Практически все мои посты в канале посвящены не столько истории как таковой, сколько истории памяти о войне, или истории, взятой в её человеческом преломлении. К этому меня обязывает как профессия гида, старающегося популярным языком рассказать о сложных событиях прошлого, так и общий интерес к тому, как сохраняется память о трагических событиях прошлого.
В осмыслении того, как мы вспоминаем о прошлом и того, как эта память передаётся государством, музеями, обществом и на индивидуальном уровне есть несколько слоёв, каждый из которых заслуживает глубокого изучения. Есть история "политики памяти", которая прослеживает влияние государственной идеологии, а также социальных групп (ветеранов, военных, коллективов предприятий и т.д.), которые влияли на создание того образа прошлого, который сформировался в советские и постсоветские годы. Есть история военных памятников и мемориальных кладбищ, образы которых во многих случаях не были спущены приказом сверху, но формировались в ходе общественных дискуссий под влиянием многих "групп интересов". И также есть фундаментальный уровень философских вопросов о ценности и подлинности такой памяти.
Как именно трагические события прошлого находят отражение в нашей памяти? Почему полученная при переживании этих событий травма не даёт очевидцам сформировать последовательный рассказ об этих событиях? Могут ли свидетельства очевидца о прошлом полноценно передавать его переживания, или они должны быть пересобраны и дополнены для полноценного восприятия их человеком будущего? Может ли сконструированная по прошествии многих лет музейная экспозиция или текст полноценно передать этот травматический опыт?

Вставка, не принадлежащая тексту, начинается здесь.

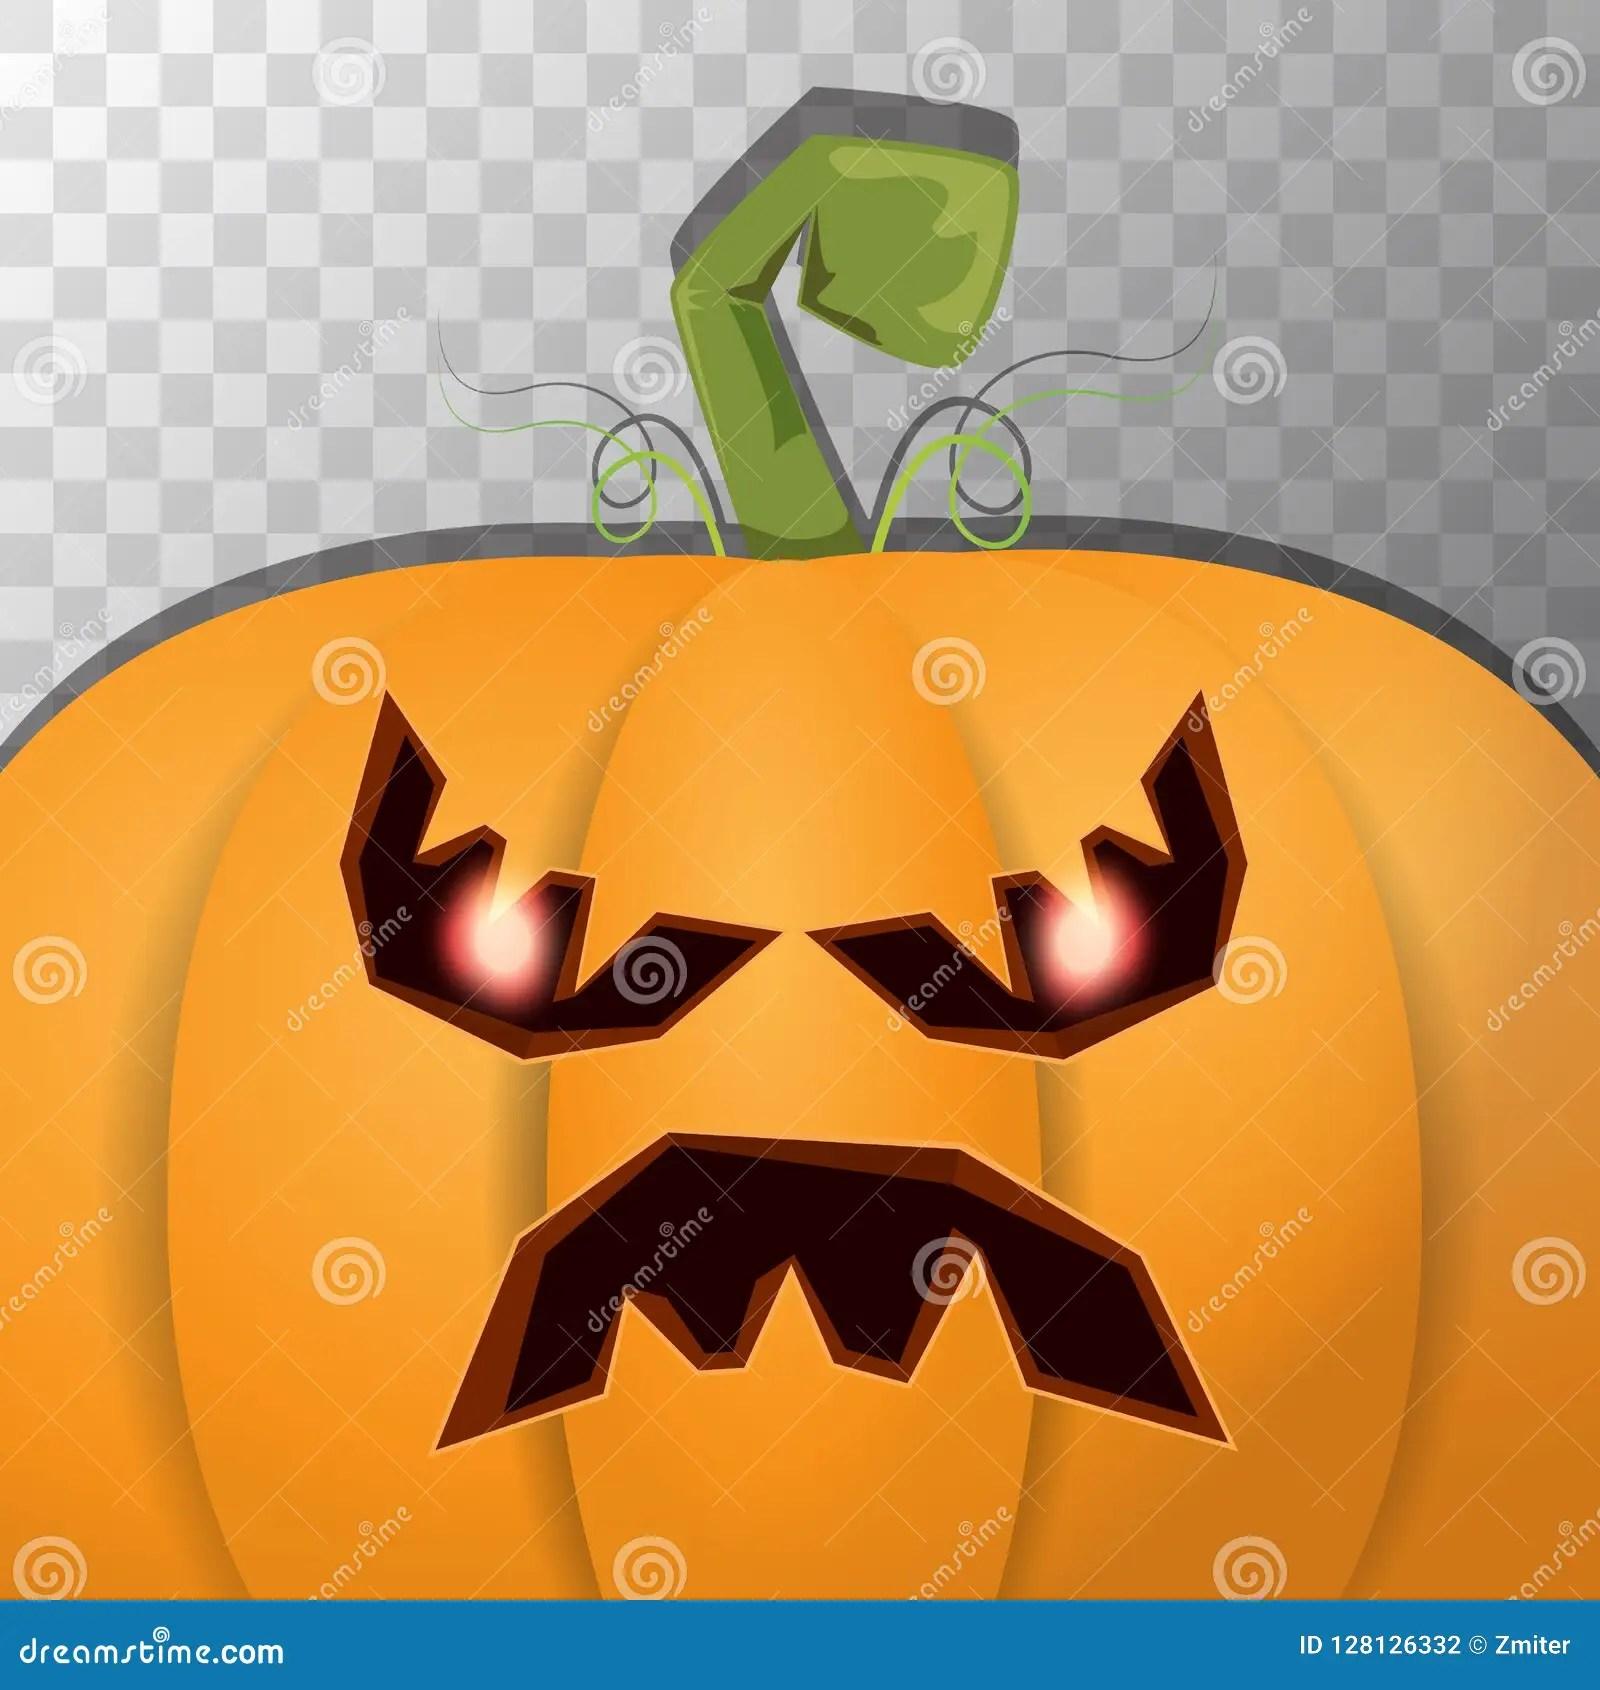 halloween cartoon pumpkin with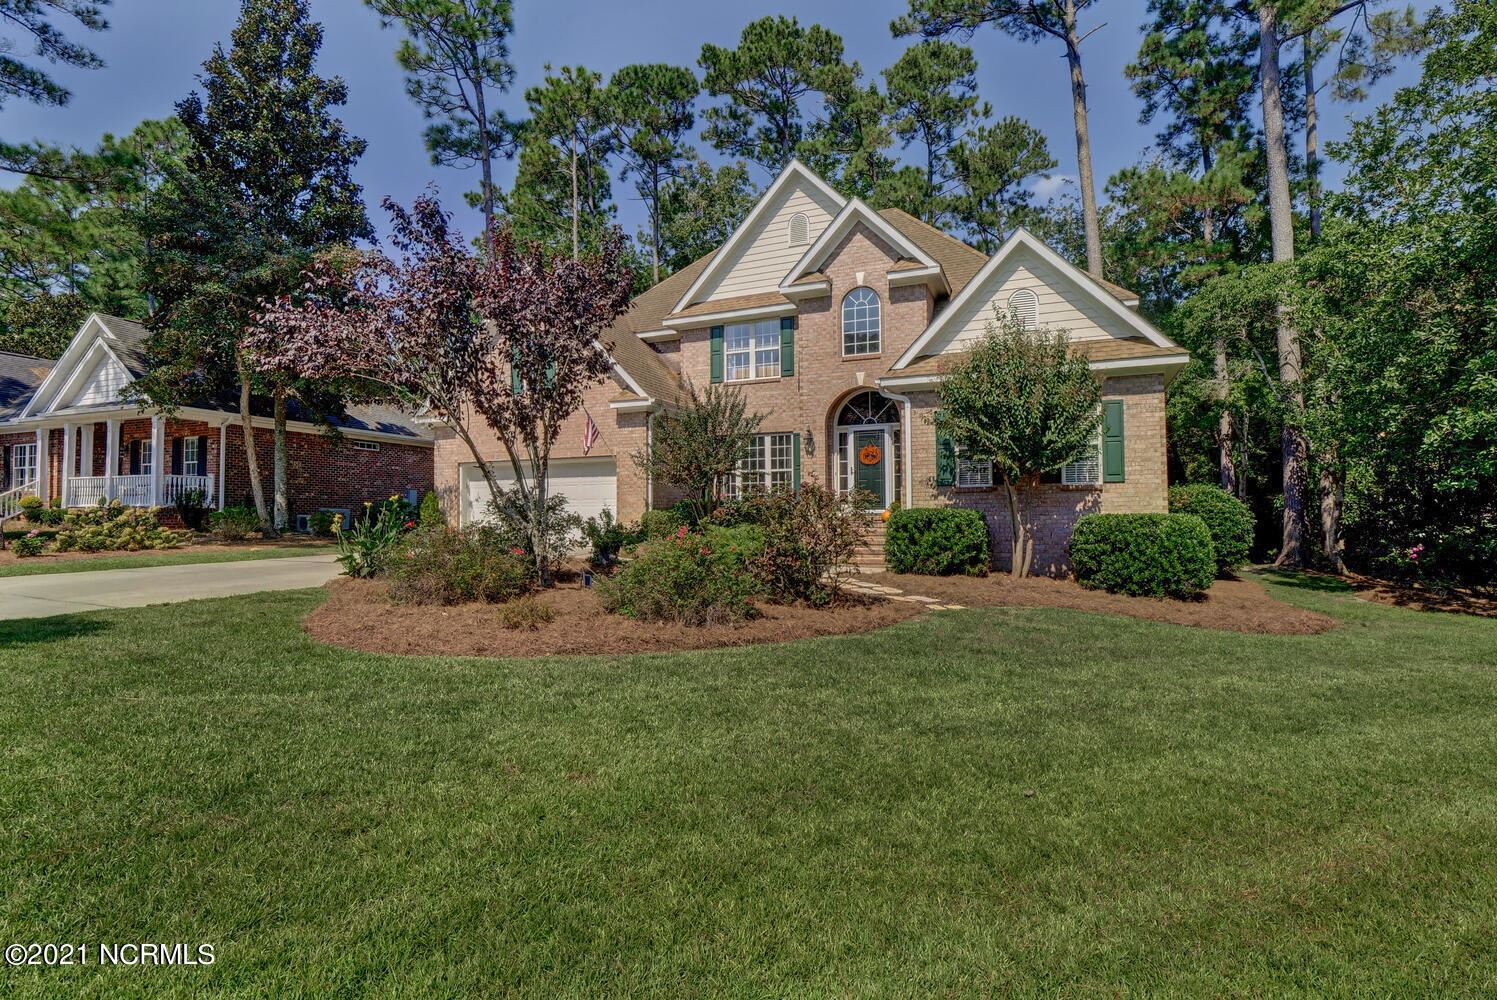 Photo of 5019 Godfrey Way, Wilmington, NC 28409 (MLS # 100293283)

В связи с серьёзным оставанием отечественной философии и социальных наук, вызванным идеологическими причинами, наука о памяти у нас в стране является относительно молодой дисциплиной. Первые исследования в этой сфере появились ещё в 1990-е годы, а к настоящему времени memory studies в России уже можно назвать утвердившейся в научном плане дисциплиной. Тем не менее, широкой публике эти исследования почти неизвестны. Отчасти это вызвано предельной академичностью их текстов, часто грешащих использованием калькированных терминов из европейских источников, отчасти тем, что сами авторы видят эту тематику исключительно как предмет для дискуссии "среди своих". Как и в многих других сферах, популяризация у нас часто считается делом если не постыдным для учёного, то как минимум чем-то малоценным.
Идея перевести эту статью появилась у меня и
Димы Евменова более года назад, когда мы вместе задались вопросом о том, почему какое-то целостное и внятное изложение событий блокады и Великой Отечественной войны в целом в нашем обществе не сформировалось. Помимо идеологических баталий и "сумятицы в умах", возникшей в 90-е годы и тщательно подготовленной нагромождением лжи и лакировки в советское время, были ещё более серьёзные и глубинные факторы, которые препятствовали формированию структурированной памяти о тех событиях.
Мы выбрали именно этот текст исследовательницы
Зильке Арнольд де-Симин по той причине, что он представляет собой обзор современных теорий о формировании исторической памяти и её воспроизведения. Как в любом приличном философском тексте, в нём мало прямых ответов, но много хорошо поставленных вопросов (например "свидетели Холокоста постепенно умирают - как без них мы будем помнить о нём?"), которые уместны не только при обсуждении европейских, но и отечественных катастроф.
Дима оказал мне неоценимую помощь при переводе, поделившись своими обширными знаниями в области психоанализа и философских теорий второй половины 20 века, а также сделав перевод части текста с немецкого и указав на германизмы в академическом английском оригинала. Я же выступал в качестве "продюсера" перевода, стараясь по возможности заменять иностранные термины русскими и полируя текст с той целью, чтобы от него не устал заинтересованный, но не привыкший переваривать академический язык читатель.